The contemporary business environment has been occupied with different approaches and methods for solving problems. The technological boom has led to information explosion, and organizations are facing the challenge of ever-increasing volumes of data in their data stores. In the past, it has been difficult for executives to have information about the performance of their businesses and its environment gathered together, say in an open book (Bazerman, Loewenstein and Moore). However, the trend has changed with the invention of new methods of analyzing data. Through quantitative techniques, business statistics and the ever-increasing information can easily be analyzed and packaged together in forms easily accessible to the managers. The executives are thus in a position to have critical data compiled and scrutinized in a way that it can easily be understood for informed decision-making. Every organization should thus embrace the concept as it forms such a critical factor for continued growth and an assurance for success.
With the quantitative models for analyzing organizational data, business decision making has taken a new path. Executives are only provided with only what is most relevant for their execution of duties. They thus no longer rely on the traditional formats where they used to be provided with a series of filed data, which could cost them a fortune while analyzing. The importance of the quantitative approach, facilitated with the aid of technological facilities, is justifiable under such a scenario.
To improve the quality of services and products among organizations, as well as increasing the workplace efficiency and promote easy assessment of the organizational growth, quantitative reasoning is crucial. The reasoning is a product of quantitatively analyzing organizational data and information (Emperitas). As such, quantitative data can be argued as an asset in uncovering the predictable patterns leveraged in the business decision-making process.
Quantitative data reflects the most accurate information to be used for future extrapolations of business trends. As such, the data is very vital in organizational decisions that will aid in shaping businesses for future success. The accuracy with quantitative data envisages uniformity in questioning customers, standardization of responses, having typical customers, and analyzing business data statistically using innovative data analysis tools. The information attained from the analysis is thus vital for individuals planning to put up new ventures, building inventories that meet increasing demands, or those offering intuitive rewards to their customers while minimizing the costs. As such, the value of quantitative data in an organization cannot be neglected.

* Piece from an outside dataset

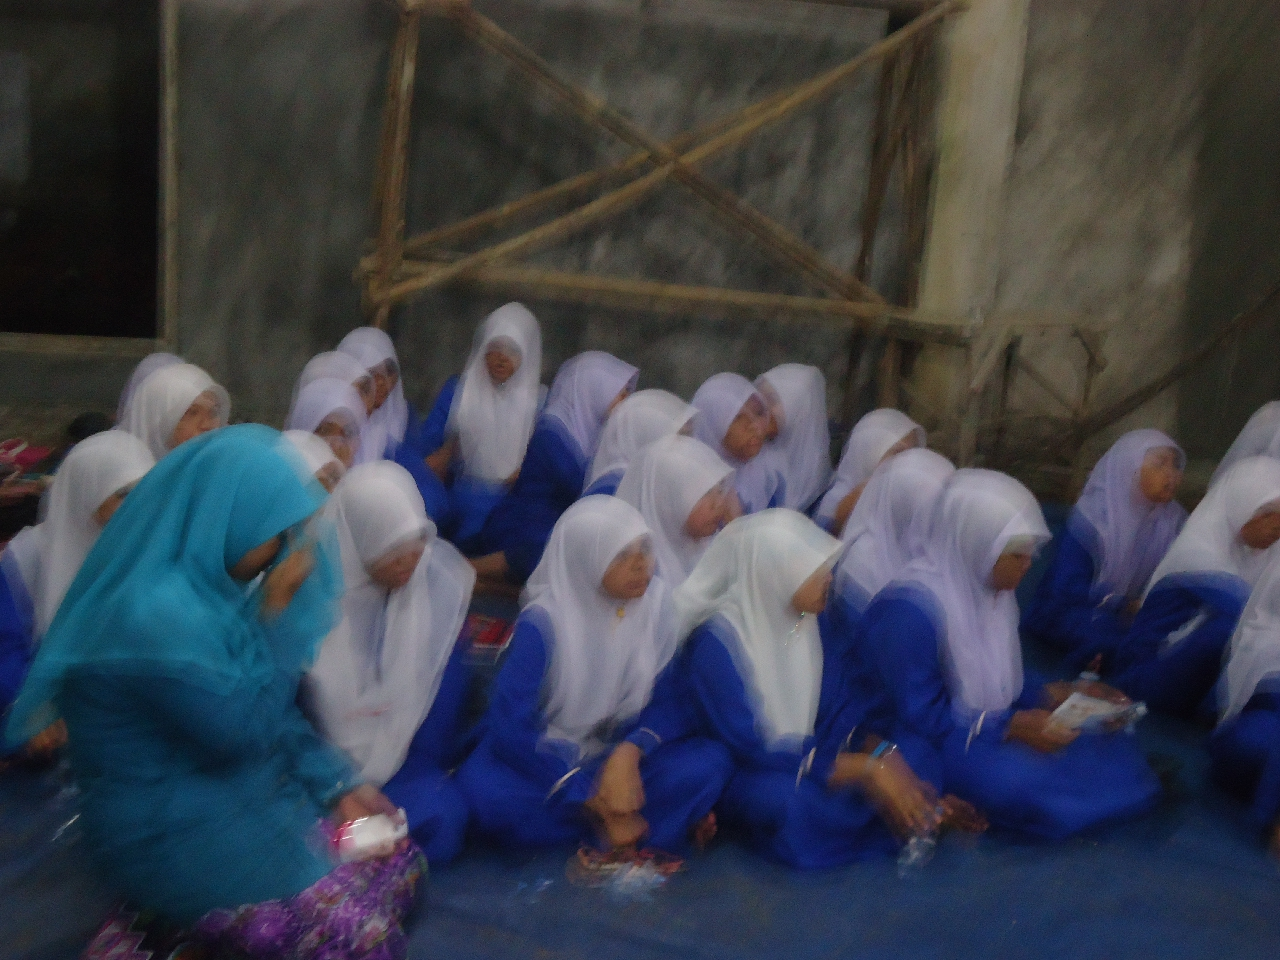 Pergantian Pengurus Ikatan Santri Darul 'Amal (ISDA) 2014-2015

Finally, quantitative data can be an element of importance in addressing organizational accountability of members. It can been relied upon in uncovering cases of financial indignities within organizations and corporate entities. The signing into law of the Sarbanes-Oxley Act, which addressed corporate accountability, was an example of avenues where the value of quantitative data becomes resourceful (Etzioni). The Act represented federal enactments focusing on the culmination of financial scandals among accountants, thus promoting accountability and financial honesty in organizations. As such, the value of quantitative data in streamlining organizational management is portrayed.
Among other means through which quantitative data and methods can be used in solving organizational problems, the above highlighted facts form the basis. It is thus critical for any organization anticipating growth to embrace the use of quantitative data and methods to avoid throwing good money after bad.
Bazerman, MH, G Loewenstein, and DA Moore. ‘Why Good Accountants Do Bad Audits’. Harv Bus Rev. 80.11 (2002): 96-102. Print.
Emperitas, N. ‘Problem Solving – Quantitative Research – Emperitas’. N.p., 2015. Web. 25 Mar. 2015.
Etzioni, Amitai. ‘Humble Decision-Making Theory’. Public Management Review 16.5 (2014): 611-619. Web.